Par rapport à ces emprunts extérieurs, les emprunts qui sont plus étroitement liés à la culture traditionnelle et reflètent les contacts inter-ethniques dans le cadre traditionnel de la vieille Russie, sont à mon avis prioritaires. Il arrive, non seulement chez Vasmer avec ses dix-huit mille entrées lexicales, mais aussi chez Dal’, dont le vocabulaire atteint deux cent mille mots, qu’il y ait dans ce domaine de curieuses omissions, comme c’est le cas du mot basturma ‘sorte de viande préparée pour conservation’, mot absent, mais bien réel (et qui est loin d’être rare). Ce mot, je n’ai pu le trouver nulle part ; il s’agit d’un emprunt aux langues turciques.

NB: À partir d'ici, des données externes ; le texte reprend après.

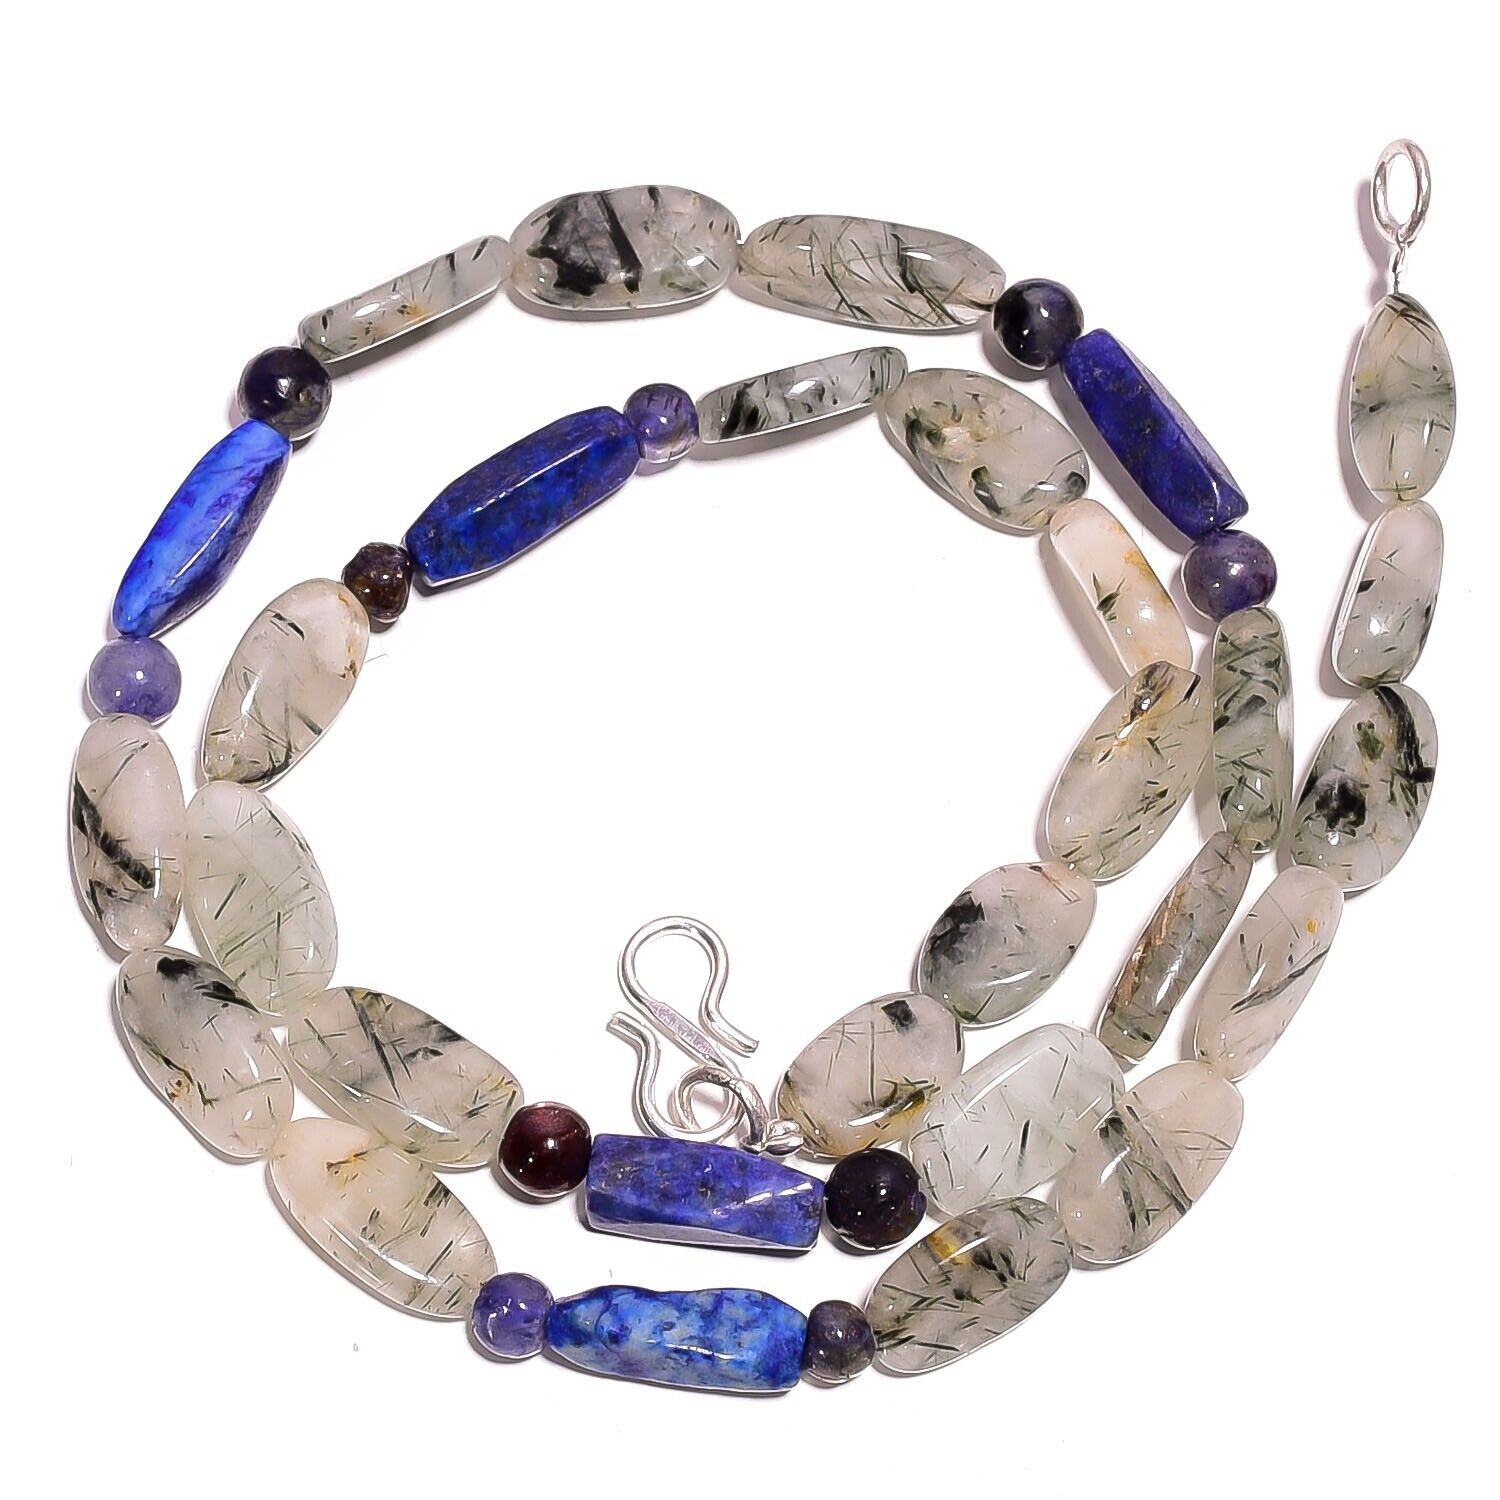 Primary image for Natural Rutile Quartz Lapis Lazuli Iolite Gemstone Beads Necklace 17" UB-2827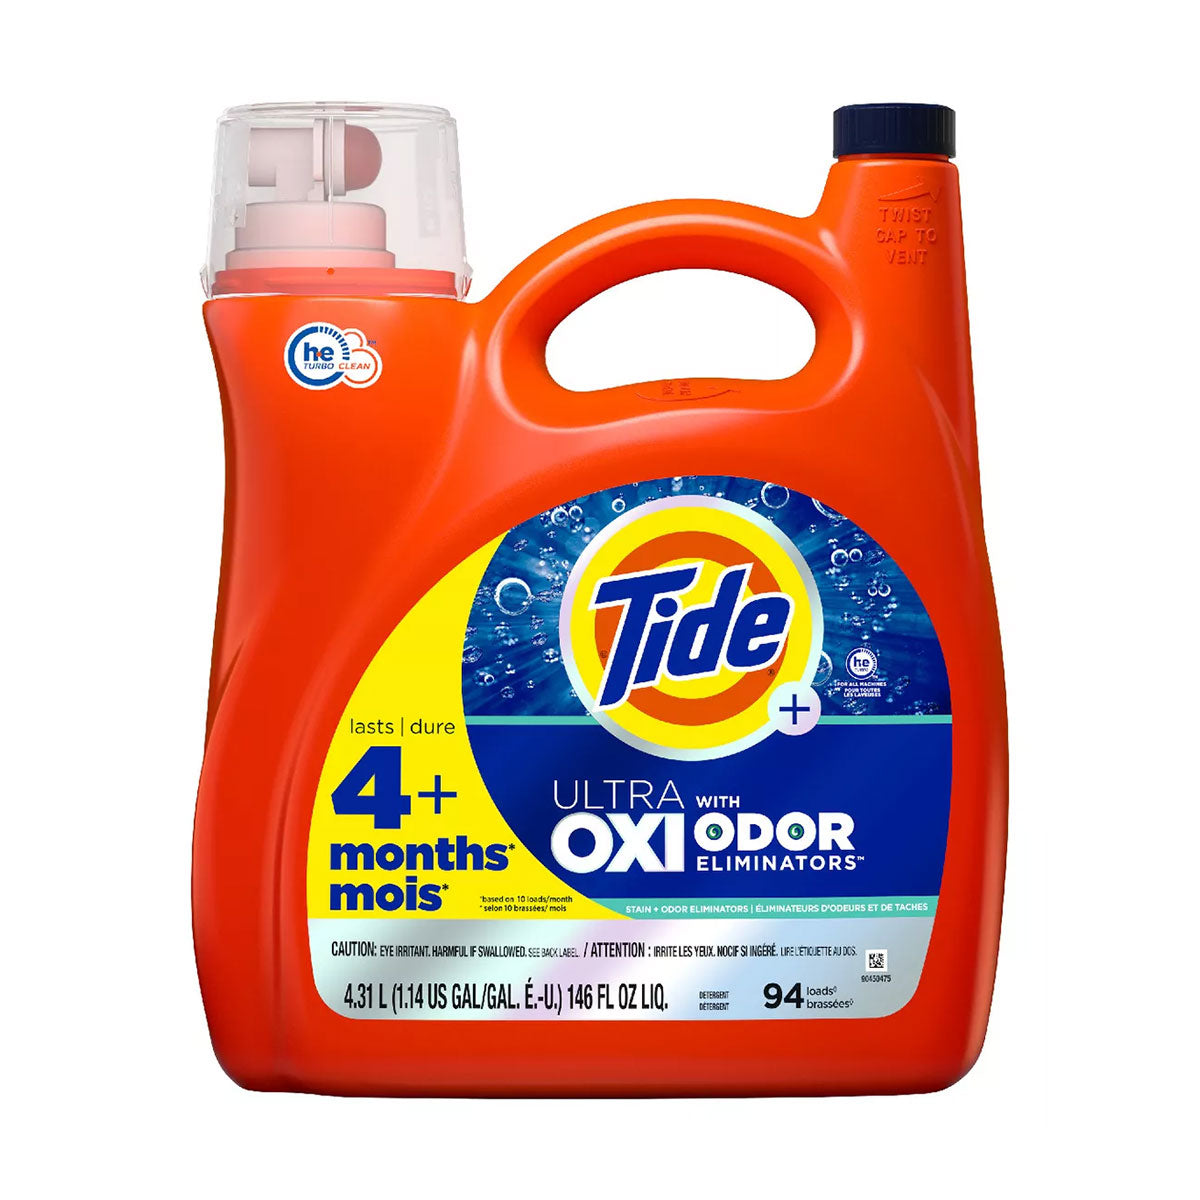 Detergente líquido concentrado para ropa Tide Plus Ultra Oxi Odor Eliminator 4,31 litros (100 cargas)

Il est significatif que la classe associable à Y soit d’emblée définie négativement : il s’agit de la classe de toutes les omissions, de tous les oublis que présentent les dictionnaires, concernant certains mots (mots intéressants du point de vue historico-culturel, selon l’énonciateur). En même temps, l’énonciateur n’affirme pas avoir recensé toutes les omissions.

Précisons aussi que syntaxiquement, on peut considérer qu’on a affaire à une ellipse, cf. : (5’) ... zanjatnye propuski vrode [propuska] slova basturma.